DBSCAN

From Wikipedia, the free encyclopedia

Please help improve this article or section by expanding it.
Further information might be found on the talk page or at requests for expansion. (October 2007)

DBSCAN (Density-Based Spatial Clustering of Applications with Noise) is a data clustering algorithm proposed by Martin Ester, Hans-Peter Kriegel, Jörg Sander and Xiaovei Xui in 1996. It is a density based clustering algorithm because it finds a number of clusters starting from the estimated density distribution of corresponding nodes. A parallelisation of the DBSCAN algorithm was presented by Domenica Arlia and Massimo Coppola in 2001.

1 Steps
2 Pseudocode
3 Advantages
4 Disadvantages
5 References

[edit] Steps

DBScan requires two parameters: epsilon (eps) and minimum points (minPts). It starts with an arbitrary starting point that has not been visited. It then finds all the neighbour points within distance eps of the starting point.

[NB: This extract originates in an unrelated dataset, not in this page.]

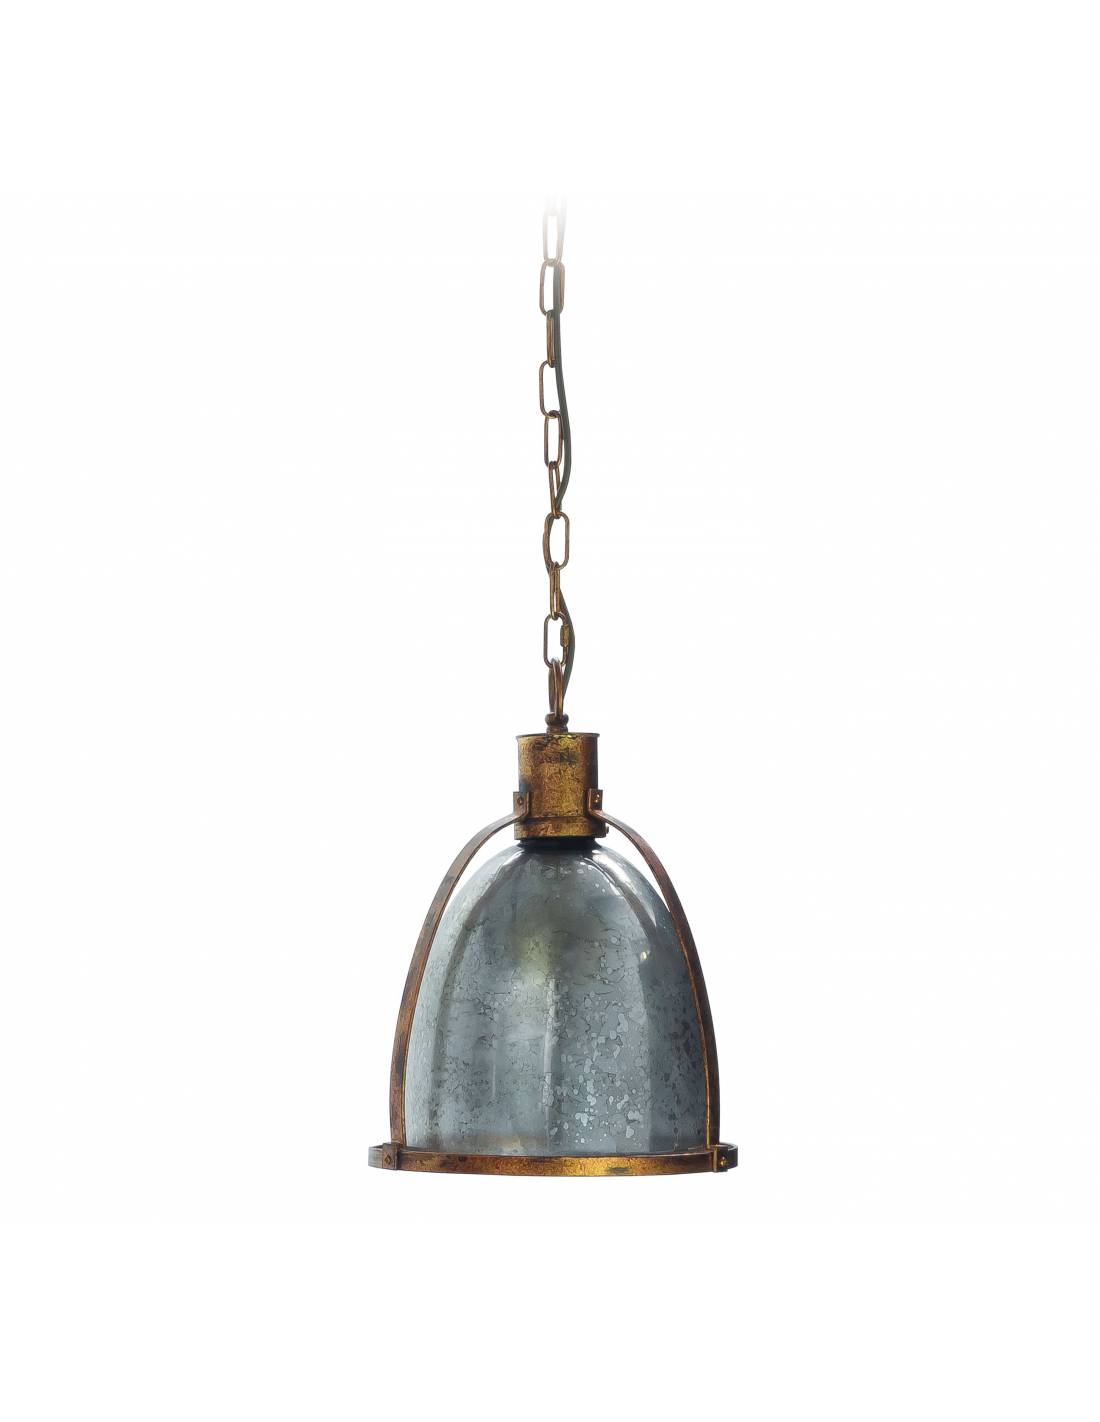 Stylizowany industrialny żyrandol loftowy ze szkła i metalu

If the number of neighbors is greater than or equal to minPts, a cluster is formed. The starting point and its neighbors are added to this cluster and the starting point is marked as visited. The algorithm then repeats the evaluation process for all the neighbours recursively.

If the number of neighbors is less than minPts, the point is marked as noise.

If a cluster is fully expanded (all points within reach are visited) then the algorithm proceeds to iterate through the remaining unvisited points in the dataset.

[edit] Pseudocode

  C = 0
  for each unvisited point P in dataset D
     N = getNeighbors (P, epsilon)
     if (sizeof(N) < minPts)
        mark P as NOISE
     else
        ++C
        mark P as visited
        add P to cluster C
        recurse (N)

[edit] Advantages

1. DBScan does not require you to know the number of clusters in the data a priori. Compare this with K Means.

2. DBScan does not have a bias towards a particular cluster shape or size. Compare this with K Means.

3. DBScan is resistant to noise and provides a means of filtering for noise if desired.

[edit] Disadvantages

1. DBScan does not respond well to high dimensional data. As dimensionality increases, so does the relative distance between points making it harder to perform density analysis.

2. DBScan does not respond well to data sets with varying densities.

[edit] References

"A Density-Based Algorithm for Discovering Clusters in Large Spatial Databases with Noise". Proceedings of 2nd International Conference on KDD, AAAI Press. Retrieved on 2007-10-15.

"Experiments in Parallel Clustering with DBSCAN". Euro-Par 2001: Parallel Processing: 7th International Euro-Par Conference Manchester, UK August 28-31, 2001, Proceedings, Springer Berlin. Retrieved on 2004-02-19.